# Deleting SU = losing root?



## k.electron (Aug 17, 2011)

My sister currently uses a nexus S with ICS. I was contemplating getting her a galaxy nexus. In order to get her apps backed, I was planning on rooting her current S and using TiBu to get things like games out over to her new GN. naturally the new GN will need root to restore these things. after that I want her to lose root simply because she has no use for it and will not be able to discern a real root request from a malicious one. Does deleting the SU.apk from the /system/app via cwm mount achieve what i want?

thanks.


----------



## thejron (Mar 2, 2012)

Not entirely. Just use Galaxy Nexus toolbox for simple rooting and unrooting

Sent from my Galaxy Nexus using RootzWiki


----------



## GrandMasterB (Jan 24, 2012)

thejron said:


> Not entirely. Just use Galaxy Nexus toolbox for simple rooting and unrooting
> 
> Sent from my Galaxy Nexus using RootzWiki


If he does that, it will wipe everything back to stock in order to unroot.


----------



## Joesyr (Feb 7, 2012)

If you install SuperSU, there's an option in the settings to disable root. Just uncheck the box and it will uninstall the SU binary. Try to launch a root-required app and you'll see the "you do not have root access please install superuser blah blah" message.

As an aside, has anyone ever -seen- a malicious root request? I appreciate the theoretical layer of security, but the popups feel a lot like windows UAC to me, which I have never once had a reason to deny. In my head, the only people who actually benefit from the popups are those who are installing cracked apps that might contain extra malicious code. I figure that anyone who roots their phone and knows what they're doing (that's the key part, if you don't then the popup is just as useless) is pretty unlikely to install apps that might be malicious, unless they're doing so intentionally.

Edit: There's also an option for full unroot, which I haven't played with but is probably what you want. This is all assuming that just disabling superuser is insufficient, which I don't know why/how it is. But at least this way you get peace of mind that you used a program designed to remove root, rather than just deleting files and assuming you covered all of your bases.
Also keep in mind that you need to disable superuser (settings-.apps->superuser->disable) before you can delete it using a file explorer.


----------



## NatemZ (Jun 13, 2011)

Joesyr said:


> If you install SuperSU, there's an option in the settings to disable root. Just uncheck the box and it will uninstall the SU binary. Try to launch a root-required app and you'll see the "you do not have root access please install superuser blah blah" message.
> 
> As an aside, has anyone ever -seen- a malicious root request? I appreciate the theoretical layer of security, but the popups feel a lot like windows UAC to me, which I have never once had a reason to deny. In my head, the only people who actually benefit from the popups are those who are installing cracked apps that might contain extra malicious code. I figure that anyone who roots their phone and knows what they're doing (that's the key part, if you don't then the popup is just as useless) is pretty unlikely to install apps that might be malicious, unless they're doing so intentionally.

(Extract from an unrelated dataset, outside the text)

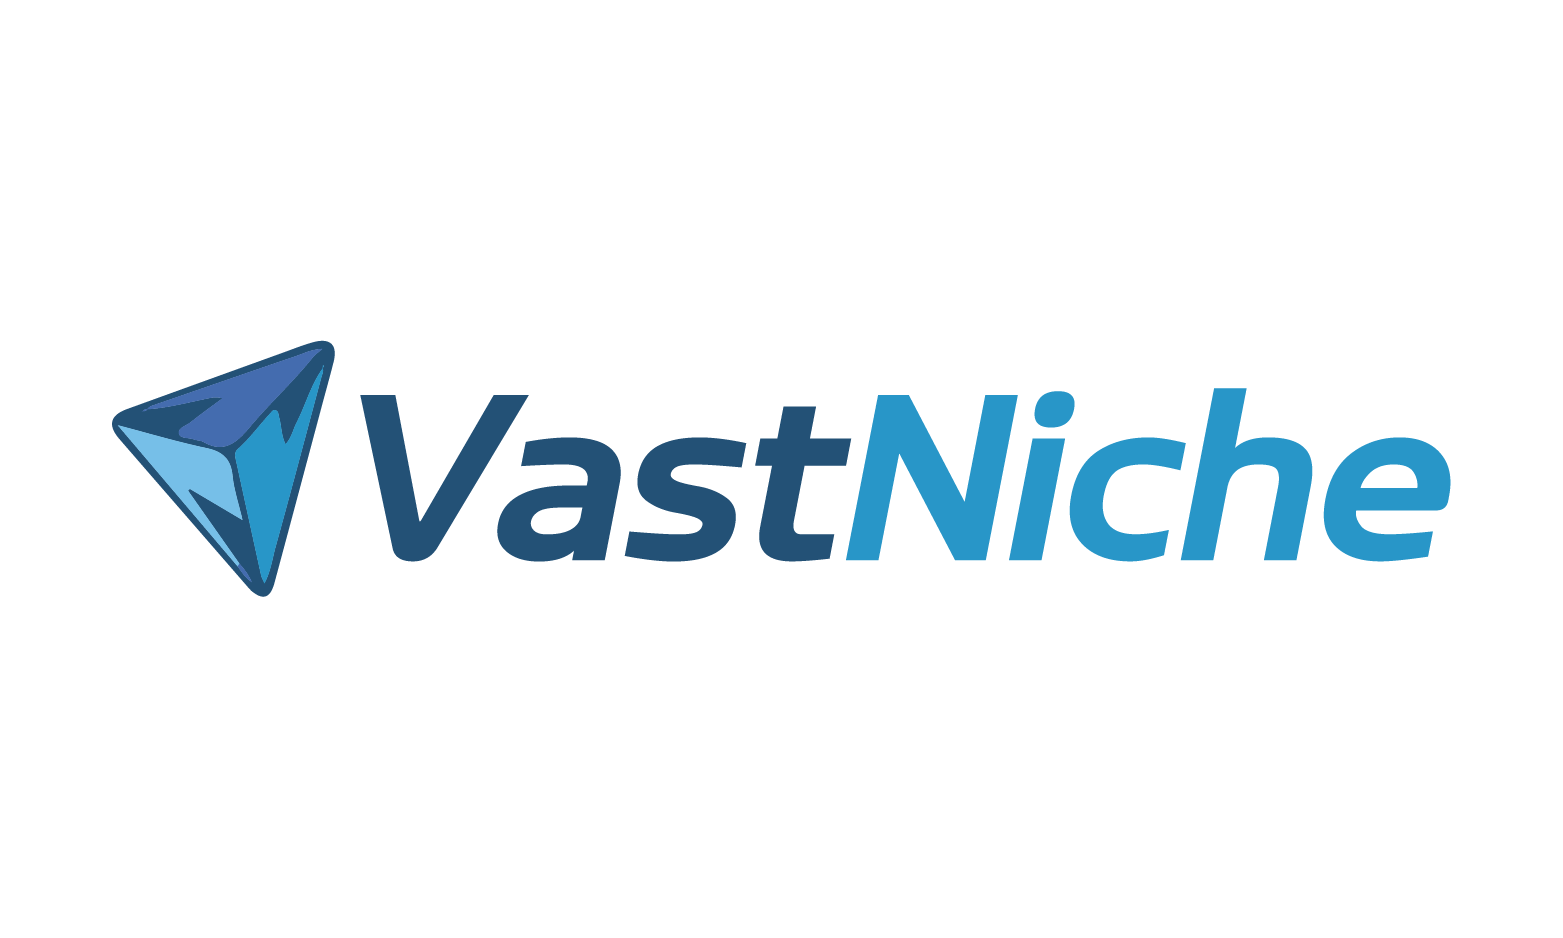 VastNiche.com - Creative brandable domain for sale
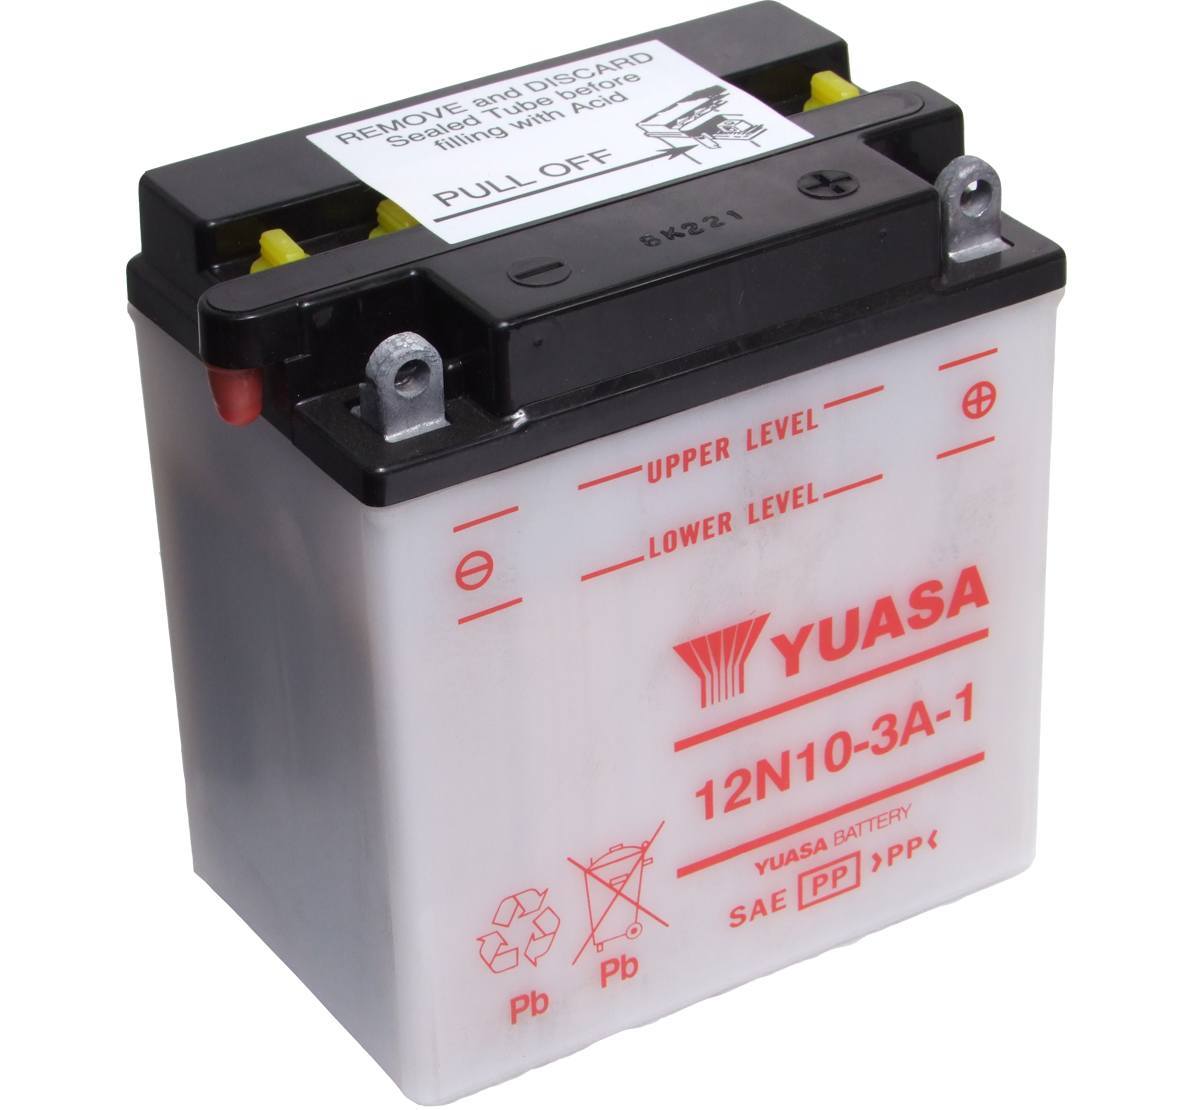 12N10-3A-1 Yuasa Motorcycle Battery

Thats why I set it to "Always Allow" in settings


----------



## Joesyr (Feb 7, 2012)

NatemZ said:


> Thats why I set it to "Always Allow" in settings


Hah I should just do this and not worry about it. Probably would be happier if I just turned off UAC in windows while I'm at it. I have all the confidence that I'm never going to benefit from these messages but the paradigm of it being a good thing "just in case" is stifling.


----------



## NatemZ (Jun 13, 2011)

Joesyr said:


> Hah I should just do this and not worry about it. Probably would be happier if I just turned off UAC in windows while I'm at it. I have all the confidence that I'm never going to benefit from these messages but the paradigm of it being a good thing "just in case" is stifling.


I have UAC disabled also lol


----------



## k.electron (Aug 17, 2011)

for my own GN, i always have root on. she roams with mostly tech-moronic people and the chances are high that random apks are sent back and forth between her and her friends. while something abusing root is rare, u never know. i also want her to keep getting the regular android updates. from what i gather, disabling it and then deleting the apk should effectively prevent her from accidentally running any app as root. so that is probably what i will do.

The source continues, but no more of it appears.